We should have weighed it, but we didn’t.  Suffice to say that the chicken was huge.  It fed my husband and me for over a week.  We grilled the legs, wings, and thighs.  Pan fried one-half of the breast (which fed us both) and topped it with olives.  Halved the other half of the breast and used one half to top a salad and the other half to make chicken fried rice.  Of course we had leftovers, and those were mostly mixed together for sandwiches, salad, etc.  We also made chicken stock for the first time by using the bones and meat that clings to the bones.  Considering the entire chicken only cost $10, we ate some pretty cheap meals, and all were absolutely delicious.  I have read that truly free-range, happy chickens (I think this makes them happy) that are allowed to roam about and eat bugs taste more “chickenier,” and I can now say that I agree.  May sound crazy, but, somehow, I could taste the chicken more.  It didn’t just taste like whatever I seasoned it with.  It tasted like chicken.
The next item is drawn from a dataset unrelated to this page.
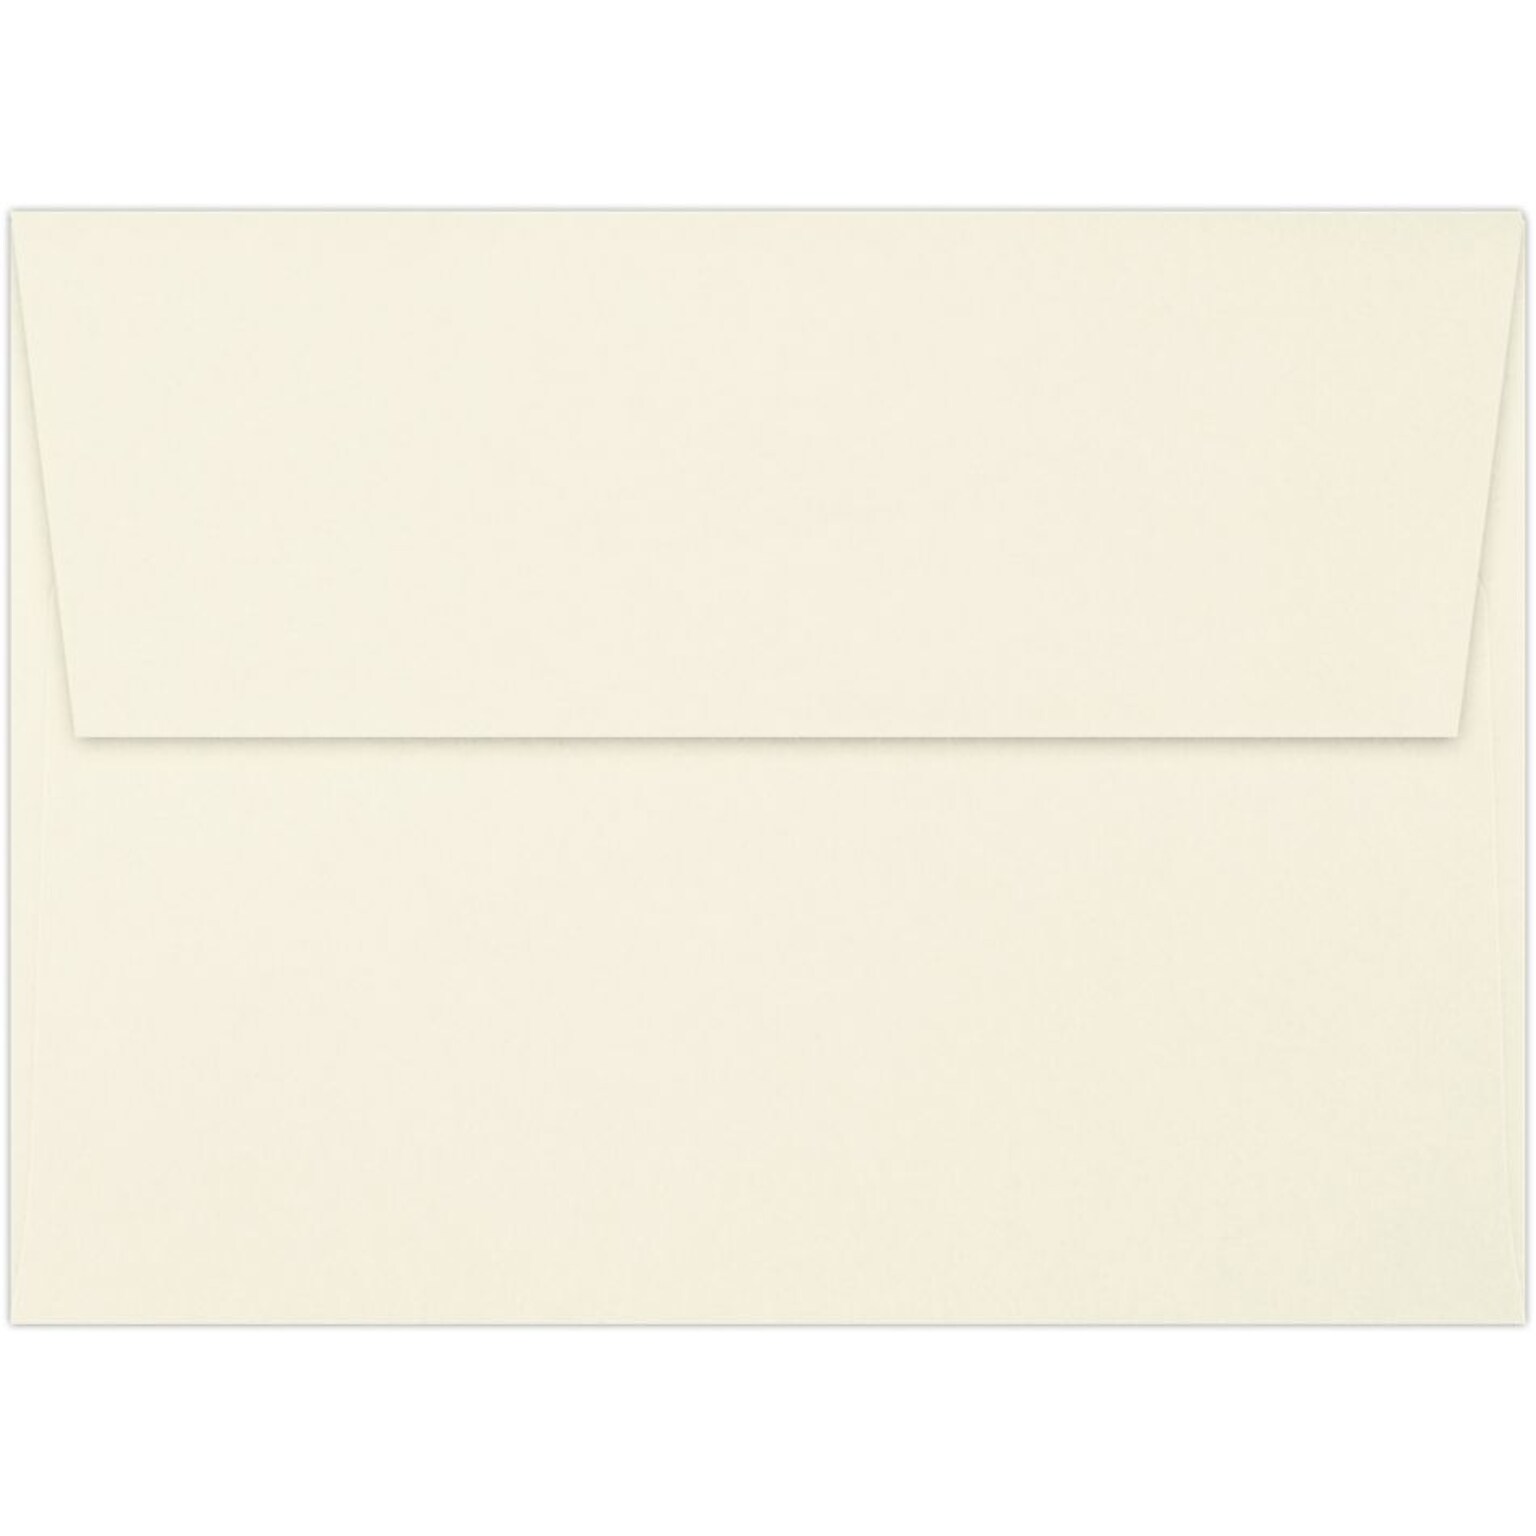 LUX A7 Invitation Envelopes (5 1/4 x 7 1/4) 50/Pack, 70lb. Classic Crest® Natural White (4880-70NW-50)

Their Web site advertises a CSA (community supported agriculture) effort this year, but I plan to grow pretty much all I’ll need on my own.  As for chicken, they are almost out of the last batch processed, but I’m told they should have more ready in May.


This is in the biggest bowl we own.

Lessons learned:
1.  Local, responsibly-raised food tastes better.
2.  Local, responsibly-raised food, despite all expectations, is cheaper than factory food from somewhere else.
3.  Owners of local, family farms are kind and honest.

Take a look at that half a breast. Huge. I know.